Considering the good performance and the limited dimensions of the new off-the-shelf ToF sensors, the authors believe that they represent the best enabling technology for pre-touch sensing. In particular, starting from the tactile sensors already developed by some of the authors in the last ten years [16,17], in this paper the authors present a new pre-touch sensing solution, fully integrated in the pre-existent tactile sensors, able to recognize the shape of the objects through a specific scanning procedure. The work focuses on Deformable Linear Objects (DLO) manipulation, which represents one of the main objectives of H2020 REMODEL project https://remodel-project.eu/ (accessed on 2 September 2021). More in detail, during the switchgear assembly the recognition of the shape and pose of the manipulated wires results fundamental for the successful task execution. A precise knowledge of the wire pose obtained with pre-touch sensors in the pre-grasping phase can be used to correct the a priory knowledge on the grasping target obtained with supplementary sensors, e.g., depth cameras. In this way the robot end-effector pose can be corrected, guaranteeing a more stable wire grasping. The need of a pre-touch sensor, intended also as a complementary sensor for camera-based systems, is remarked by supplementary studies conducted within H2020 REMODEL project and presented by Cop et al. [18]. In particular, a benchmark between several commercial depth cameras has been conducted in order to highlight the limitations of that sensors when used to recognize very small and thin objects, i.e., wires. The cameras performance have been evaluated through standard metrics and carefully focusing on the object distance estimation (depth in the Z-dimension). The study shows that low- and mid-range cameras, e.g., Intel RealSense D415, Microsoft Kinect Azure, etc., are not able to provide accurate reconstruction of wires thinner than $4.0$mm. Moreover, reconstruction accuracy is affected by the object materials and it is highly altered when transparent objects are considered.

The direct use of 2D camera images in wire shape recognition can be sufficient in constrained conditions, where 3D information is not necessary. Chapman et al. [19] were recently faced with the FFC cables grasping problem, and they approached the challenge with a customized low-cost gripper. An in-hand RGB camera allows for the recognition and 2D pose estimation of the flat cables through standard computer vision methods. However, the specific task requires solving only a 2D problem given that the cables lie on a flat surface assumed to be parallel to the robot base. In these terms, no information about the distance between the cables and the support are needed, so the main effort is focused on the design of the gripper used to efficiently grasp and assemble the cables. In a more general meaning, wires grasping and manipulation require the estimation of the object 3D pose. An accurate knowledge of the complete pose in the Cartesian space by using 2D camera images is quite challenging and computationally expensive as shown in [20], where the authors combine multiple 2D views to reconstruct the 3D pose. This approach requires tackling problems related to the alignment of the multiple views by considering the DLOs features. Once the different perspective views have been detected (not an immediate task given that they depend also on the available lightning and on the reachable areas), object reference points shall be used to merge the 2D images, which in case of DLOs are not easily obtainable due to the high uniformity of their surface and to the absence of shape corners, usually considered for more common objects.

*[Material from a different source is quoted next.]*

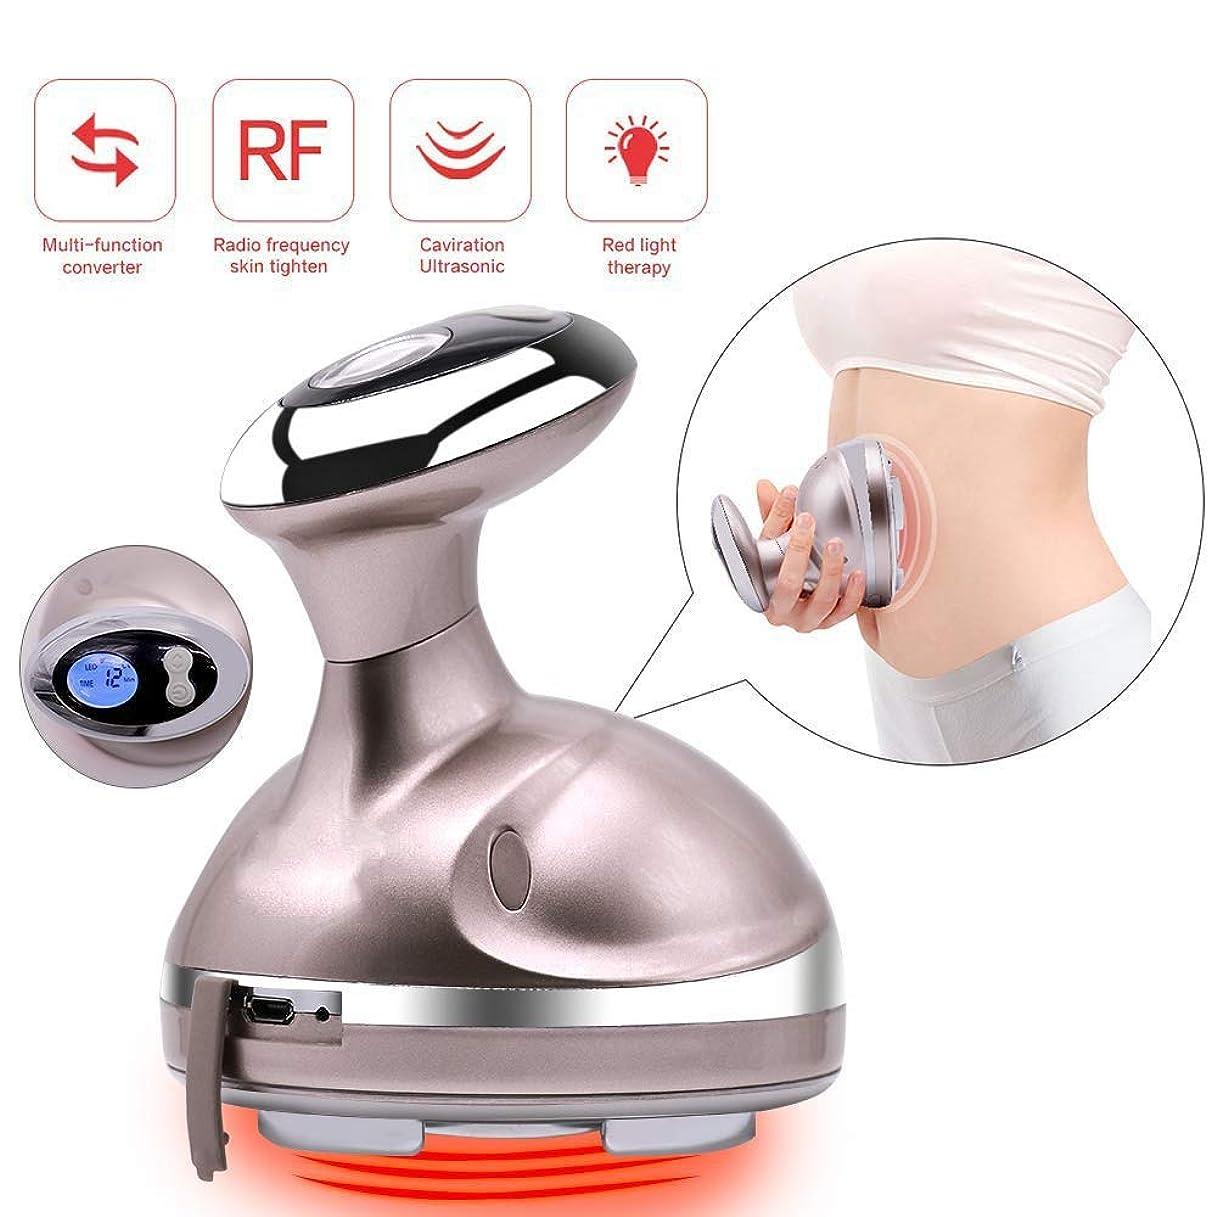 起きろコカイン続編USB 1に付きボディ形成のマッサージャーの無線周波数装置の赤灯の振動脂肪質の取り外し機械、減量機械RFのスマートなLCD表示が付いている暖かい細くのマッサージャー

Despite the effectiveness of ToF-based pre-touch sensors widely demonstrated in other works (see [12,13]), in case of daily-life and common objects, e.g., bottles, hammers and screwdrivers, fruits and vegetables, no evidence of their performance is reported in case of small and thin objects such as wires. For that reason, this work would further explore the application of ToF pre-touch in DLO manipulation tasks REMODEL is faced with. More in detail, the manipulation of DLOs requires an accurate 3D reconstruction of the wires to allow a correct grasp for the execution of the following task (e.g., wire insertion, wire routing). In this paper, to reach this goal, a custom hardware and software design for a ToF based sensor is presented. Additionally, to evaluate if the sensor performance is adequate to the objective, a detailed characterization is also reported. Specific experiments have been defined and carried out to evaluate the proposed solution with thin wires.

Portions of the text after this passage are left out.